Source material:
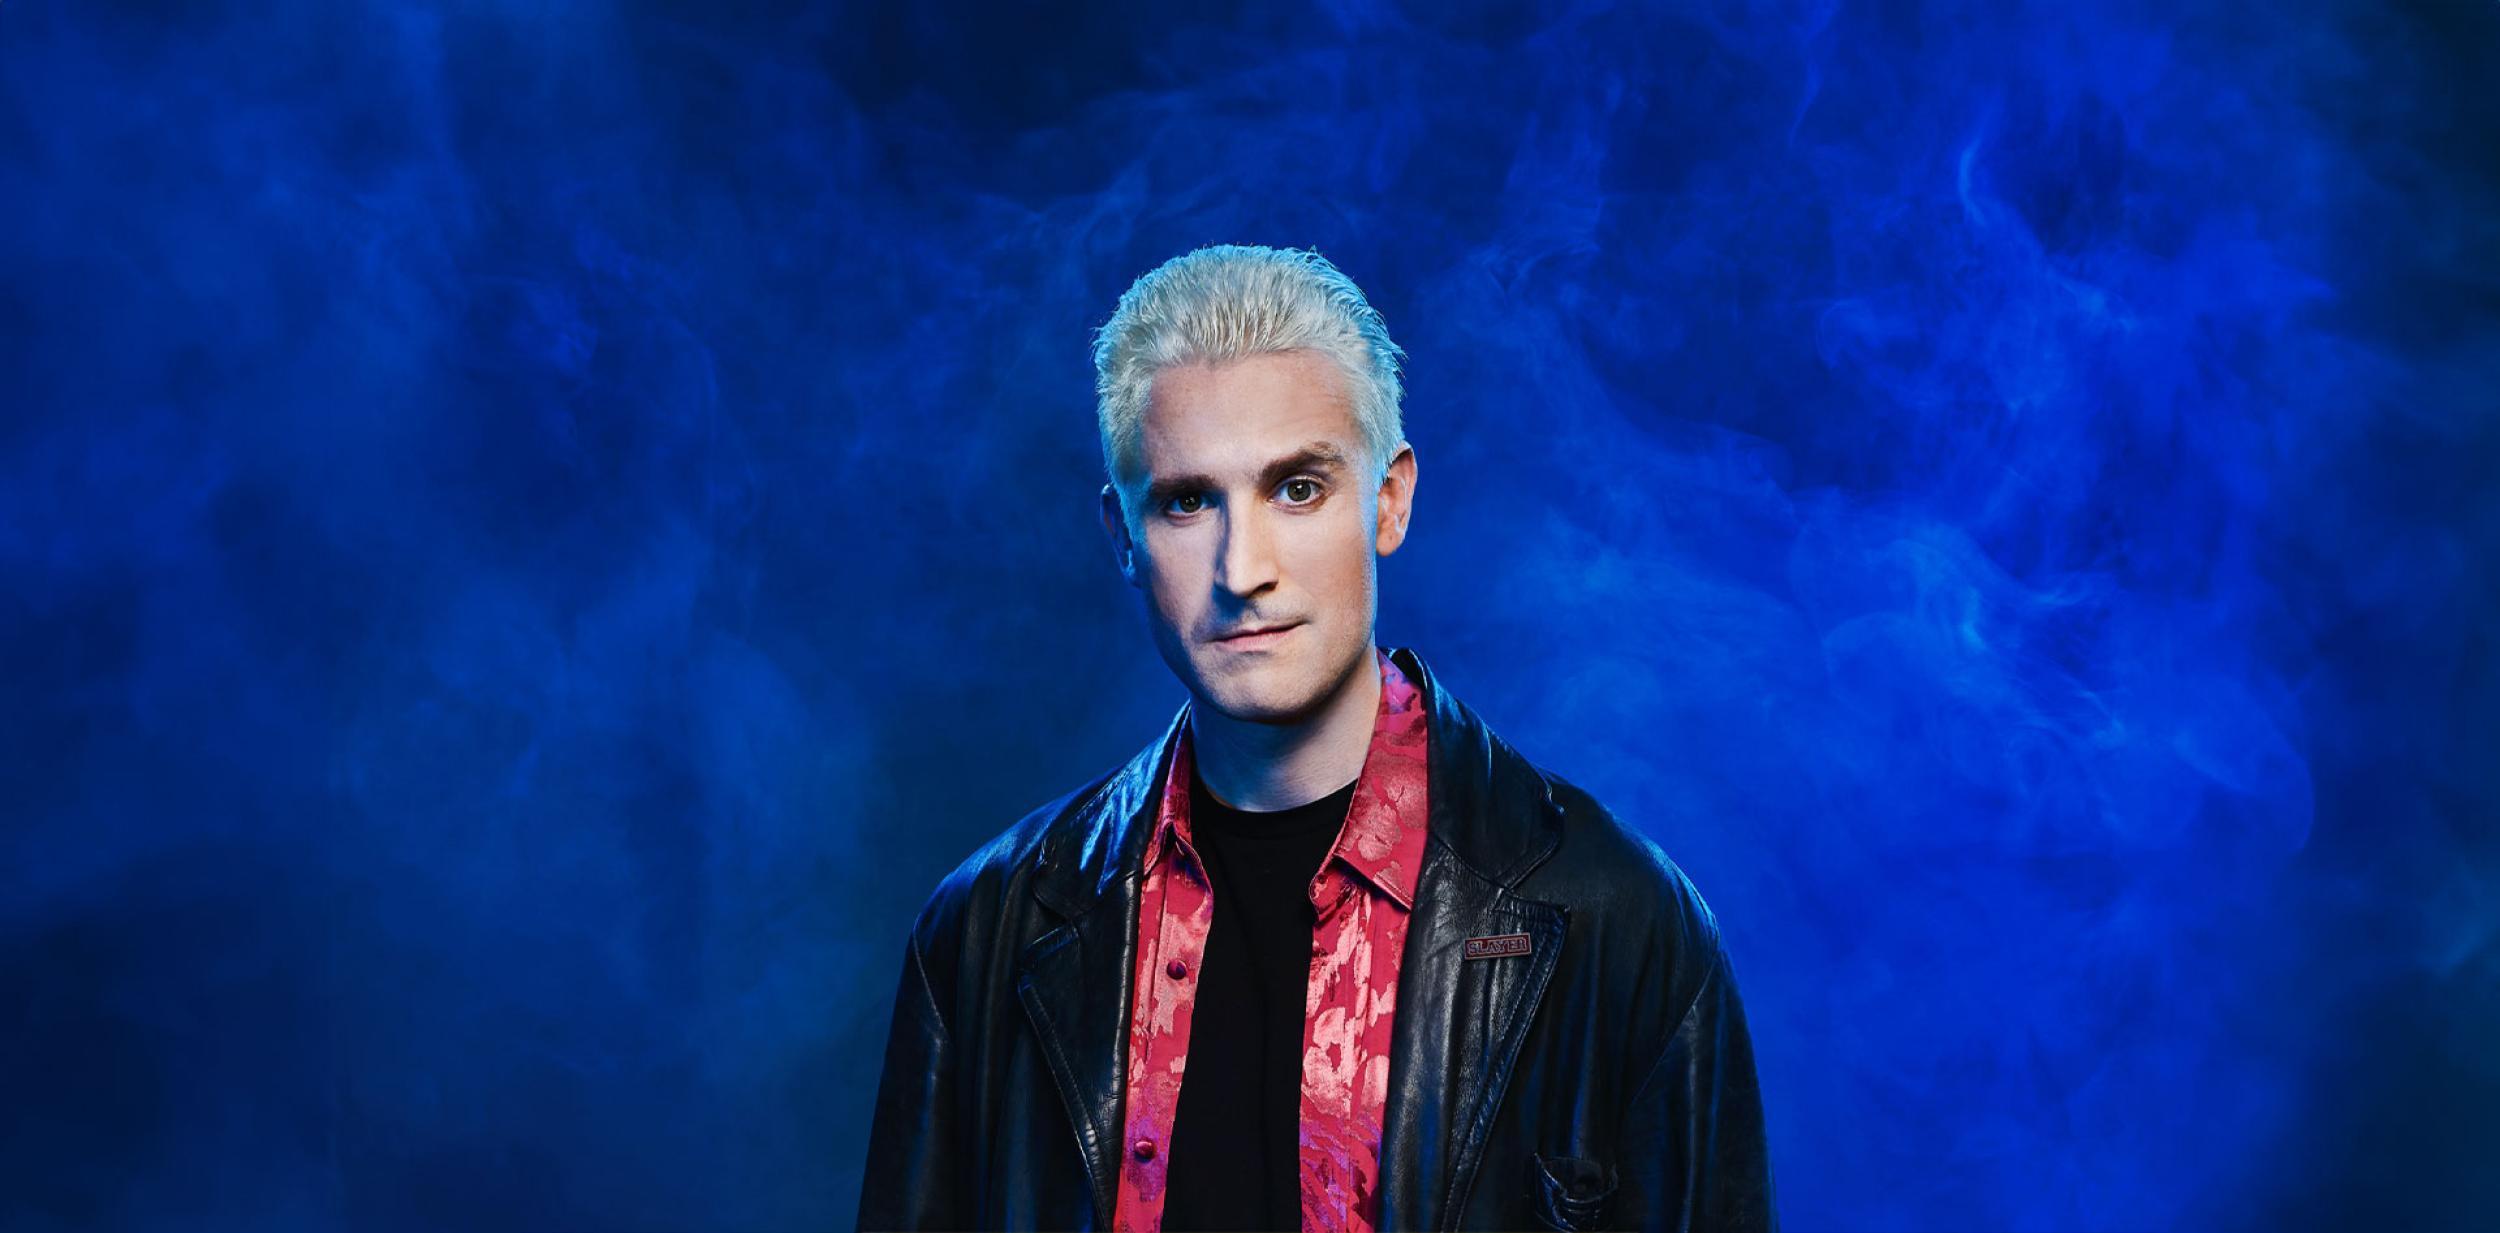 A person dressed as Spike from Buffy the Vampire Slayer
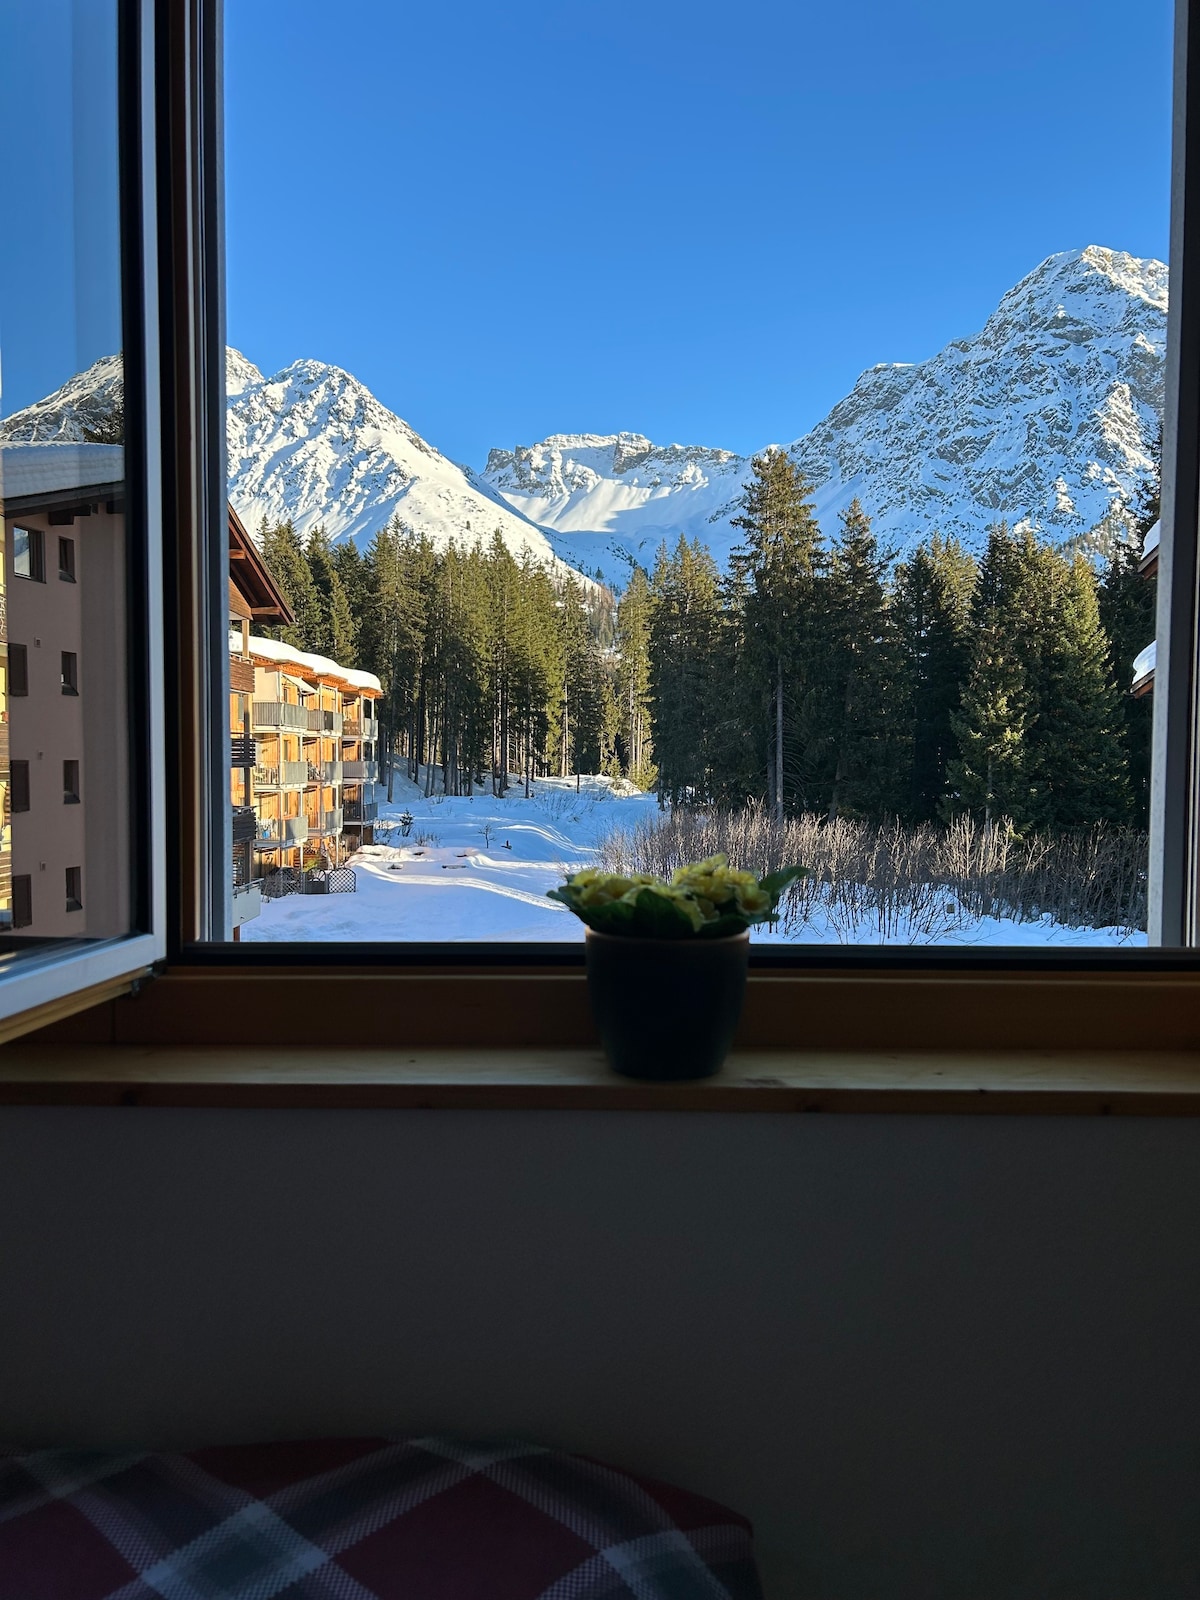 The Window to the Mountains
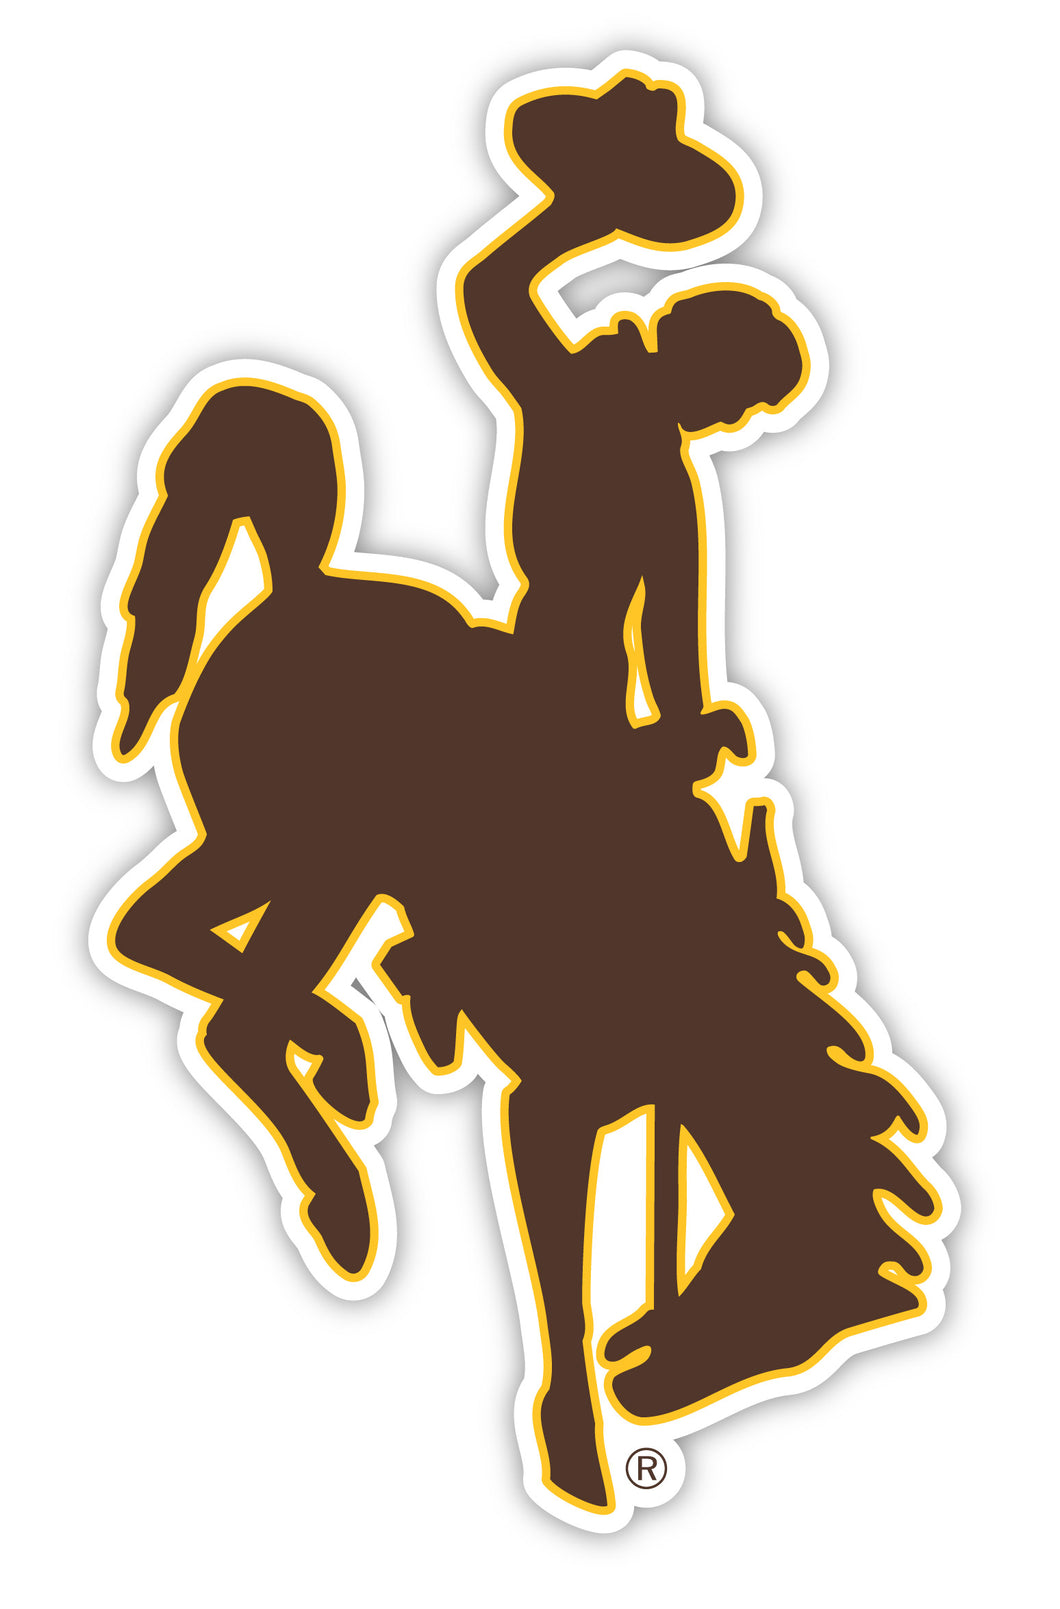 University of Wyoming 4-Inch Mascot Logo NCAA Vinyl Decal Sticker for Fans, Students, and Alumni
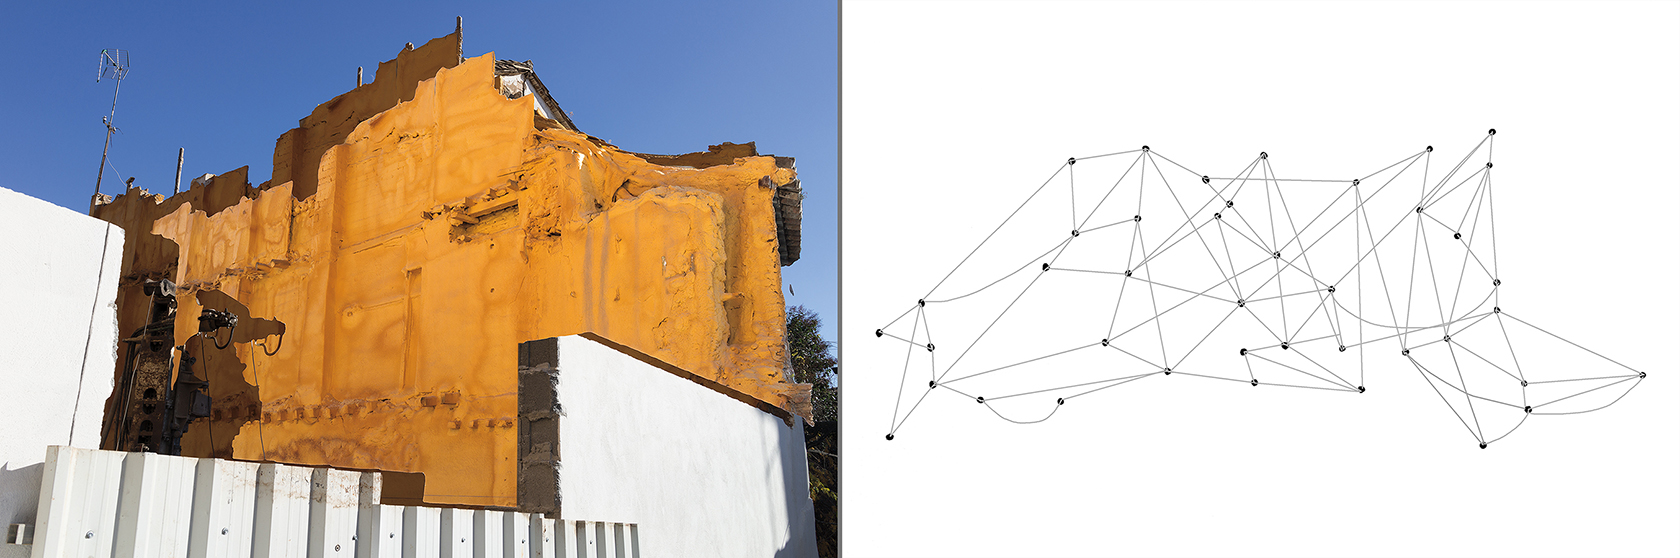 Side by side images of a golden yellow building against blue sky, and a line drawing mapping the building shape

What to work on:
The expected output is the full data above, reproduced exactly with no images.

Result of the exercise:
 A person dressed as Spike from Buffy the Vampire Slayer
 The Window to the Mountains
 University of Wyoming 4-Inch Mascot Logo NCAA Vinyl Decal Sticker for Fans, Students, and Alumni
 Side by side images of a golden yellow building against blue sky, and a line drawing mapping the building shape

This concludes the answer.